Marlo Thomas is appearing on Broadway in Relatively Speaking, three one-act plays by Woody Allen, Elaine May, and Ethan Coen that “explore the often outrageous reality of relatives.”  When she discussed the specific details of the performances on TV this morning, one thing particularly interested me.  The playwrights for each play attend a play each week to see firsthand how the performers interact, how the plot unfolds, how the emotion runs, what the audience reaction is to various actions of the actors, etc.  In other words, the playwrights are getting an “in process” look at their own work each week.  They use this insight to change certain aspects of the play for the upcoming stage productions of the plays.

What an innovative approach!!!!   Reminds me a little of our discussion of project managers identifying lessons learned at the end of each major stage of a project which we have discussed several times in this blog.  This method also gives the actors insight into how their performances are being perceived and received by the audience so that they can adjust their actions accordingly.
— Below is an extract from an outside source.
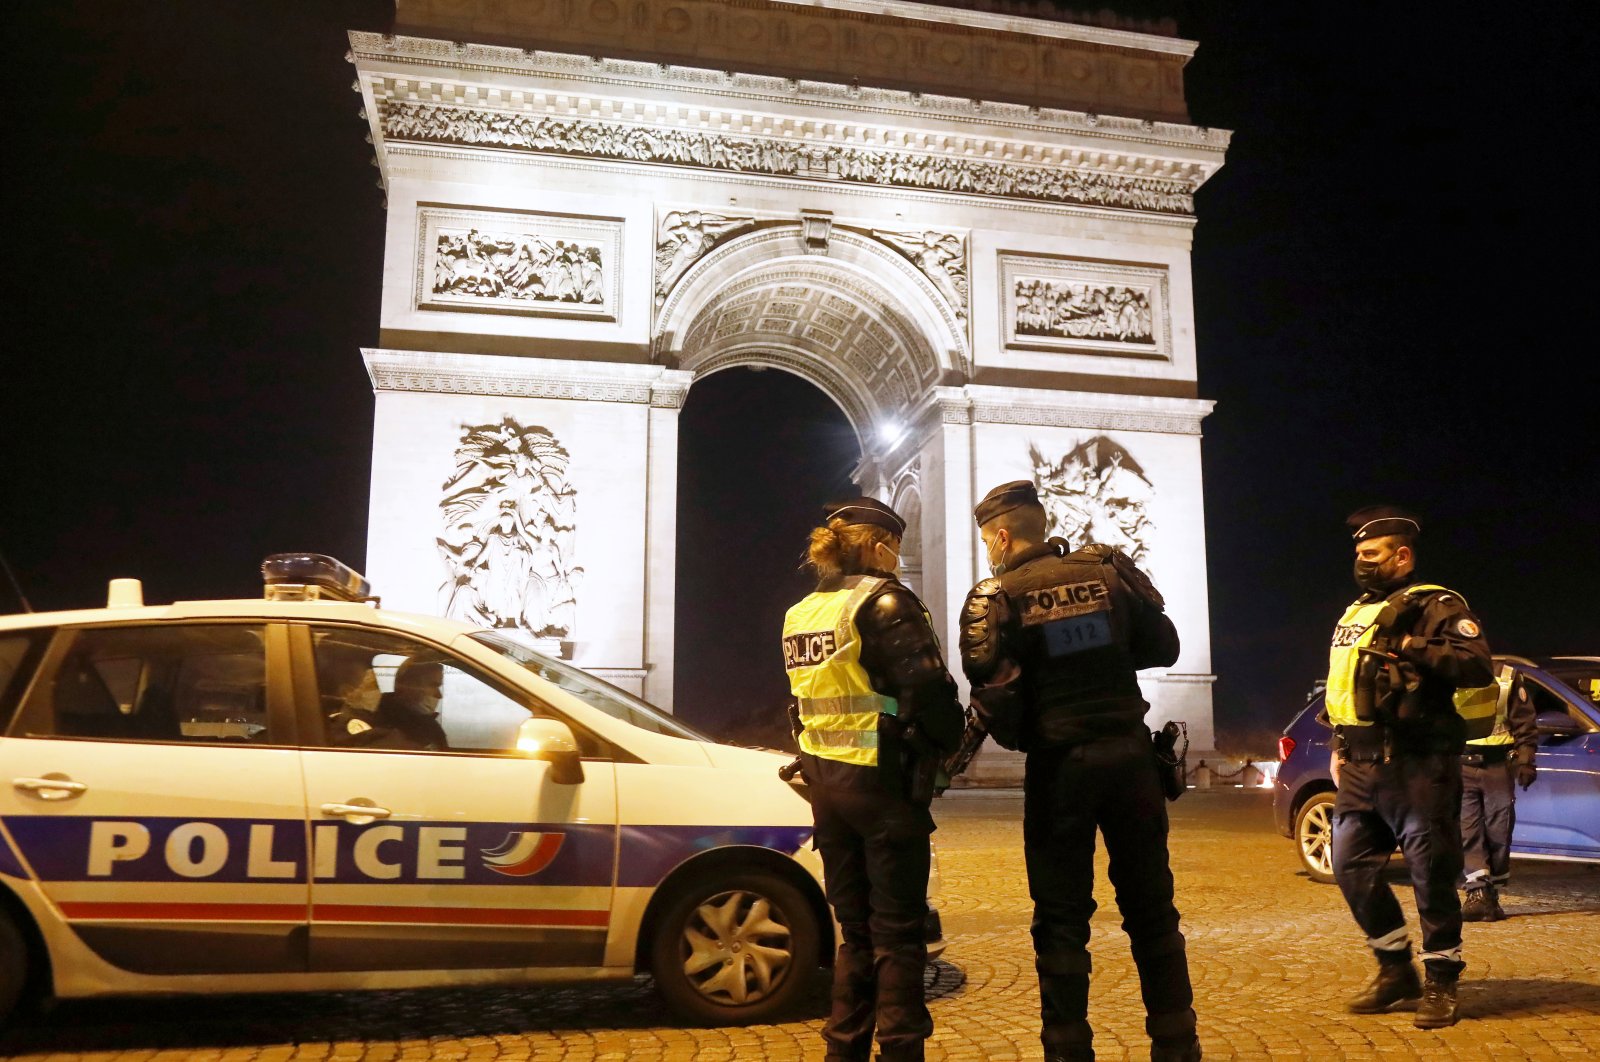 French police patrol in front of the Arc de Triomphe on Champs Elysees avenue on New Year's Eve, after celebrations and gatherings were banned due to coronavirus restrictions, in Paris, France, Dec. 31, 2020. (Reuters Photo)

If you are a project manager looking for ideas about how to improve your project, why don’t you try to “observe” the actions of your actors in their natural setting at least once a week.  How do they interact?  How do they interpret their lines and deliver the outcomes?  How does the entire project “play” out under your direction and initial charge to the group about what was the desired outcome of the project.

I will bet that many of you project managers have never attended a project review for another project in progress.  Try that sometime to see how others are approaching similar situations and how the various project actors are playing out their parts.

You will be very happy when you do this for the insight will rush over you like a wave on the beach.

Let me hear about your successes.  Good luck.